First, from the extracted data, we created lists of pairs (edge lists) of cited-and-citing papers. Using author lists for the respective papers, we constructed edge lists of cited-and-citing authors including all co-authors, irrespective of order, for all pairs of cited-and-citing papers. For instance, in a case in which paper A with five authors is cited by paper B with three authors, we created 15 (5 × 3) pairs as edge lists to build up a whole new author citation network based on them. For duplicate authors both in cited and citing papers, we eliminated pairs of duplicates to produce pairs comprising different authors only. The method described above is applied to all pairs of cited-and-citing papers.

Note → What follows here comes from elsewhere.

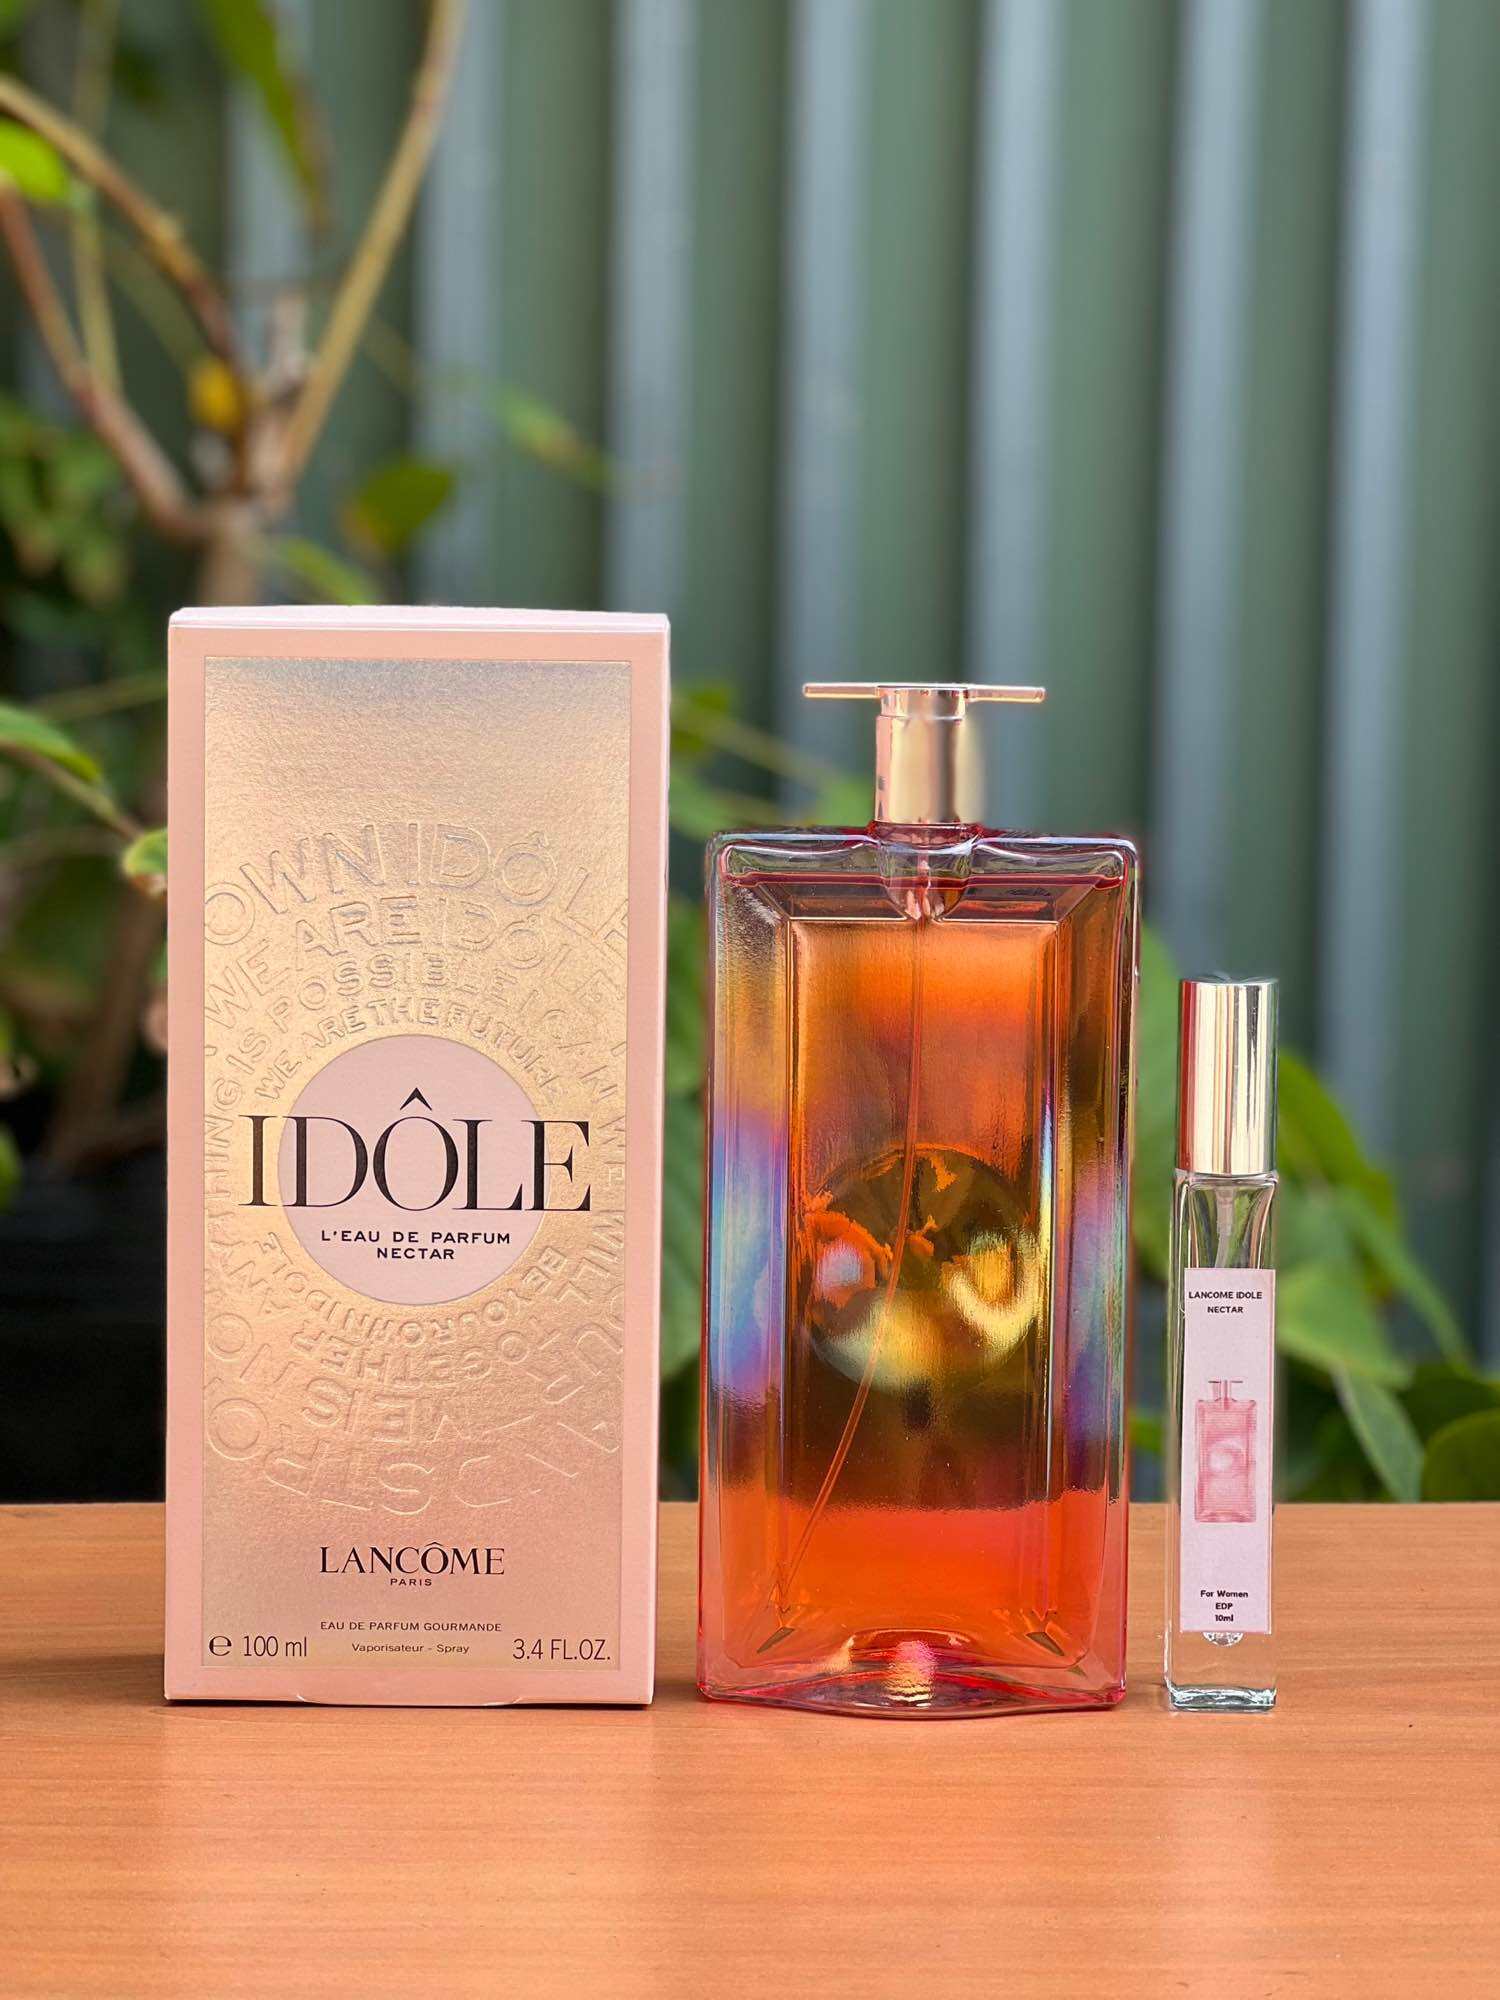 Nước hoa chiết nữ Lancome Idole L'eau De Parfum Nectar EDP Gourmande chiết 10ml
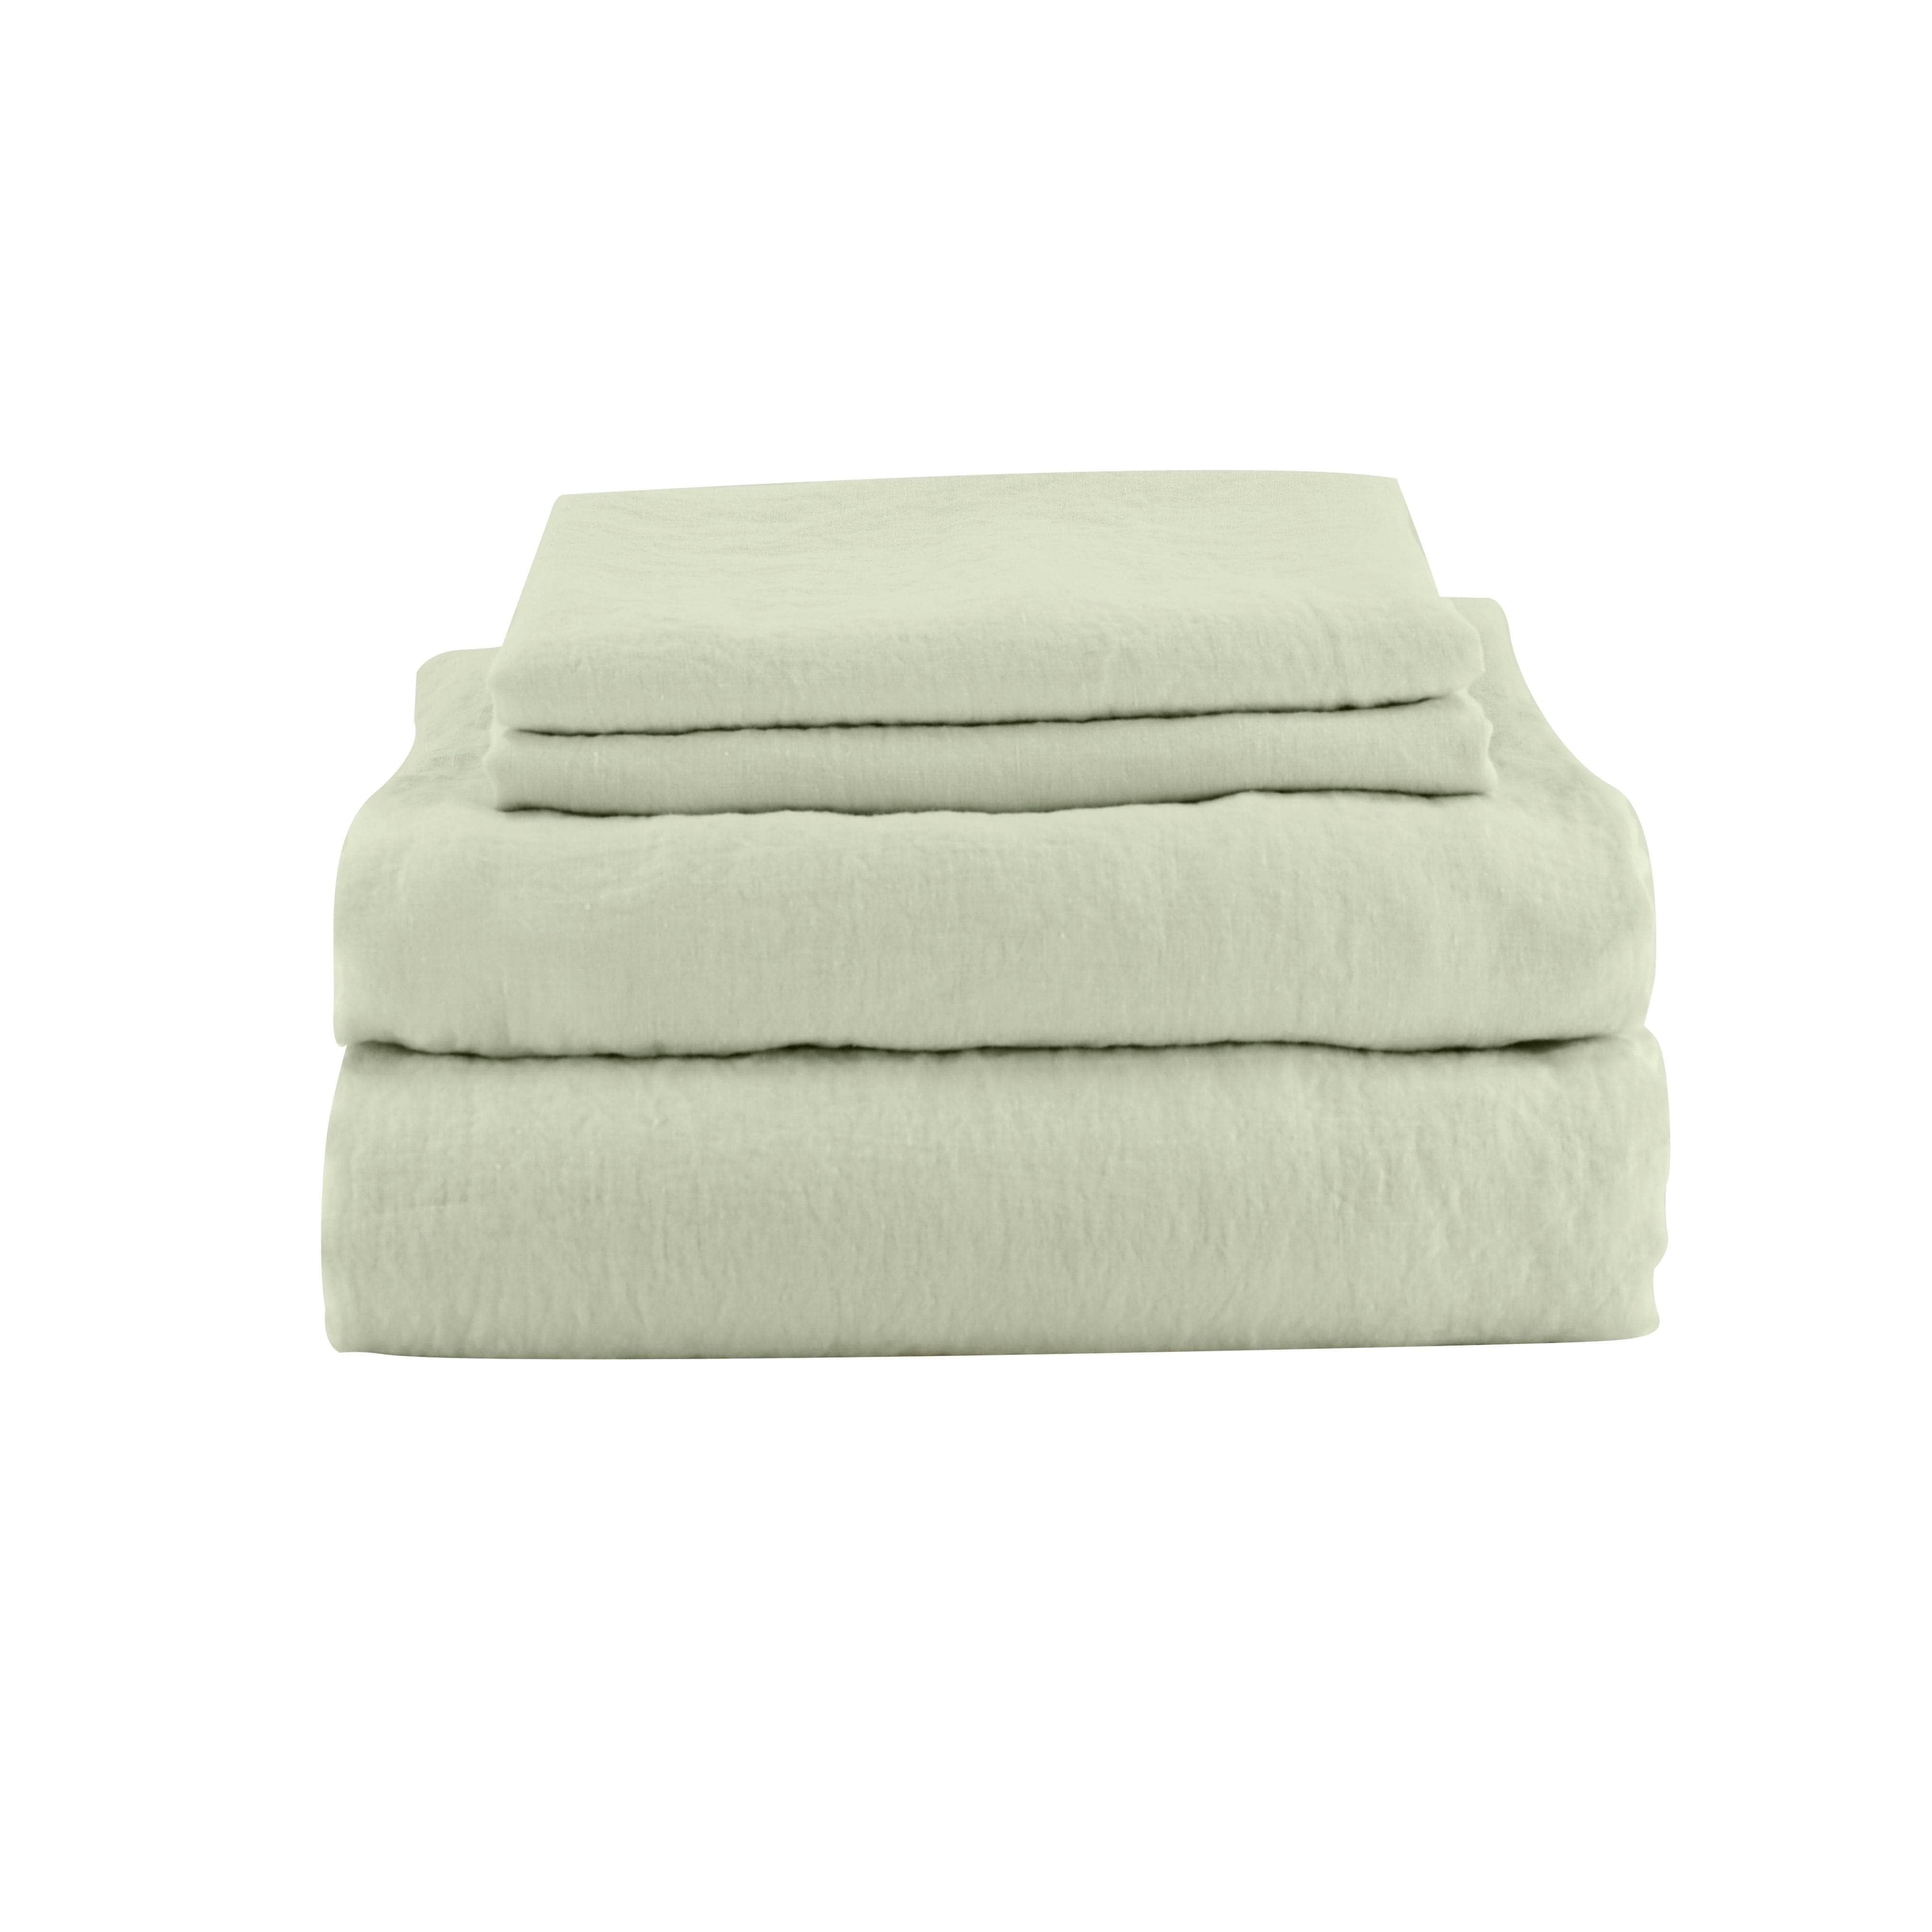 green linen sheet set including 2 pillowcases  1 flat sheet 1 fitted sheet

Subsequently, we introduced author networks of twokinds in an unweighted and undirected manner as described below. To observe how central the startup participant authors are and how they are distributed in the citation networks, we constructed new author citation networks with authors as nodes and with citation relations as edges (links) of these networks. The networks were based on edge lists of cited-and-citing authors with respect to each targeted keyword. At the same time, we constructed co-authorship networks from the papers above. The co-authorship network is a social network in which the authors, through participation in one or more publications through an indirect path, have been mutually linked, whereas author citation networks are based on citation relations among the authors. Therefore, we inferred that we might observe different characteristics related to how central the startup participant authors are and how they are distributed, between author citation networks and co-authorship networks (Table 5).

Table 5

Comparison among research paper citation networks, author citation networks, and Co-authorship networks relative to growing keywords in actively financed biopharmaceutical industry fields in 2014–2017.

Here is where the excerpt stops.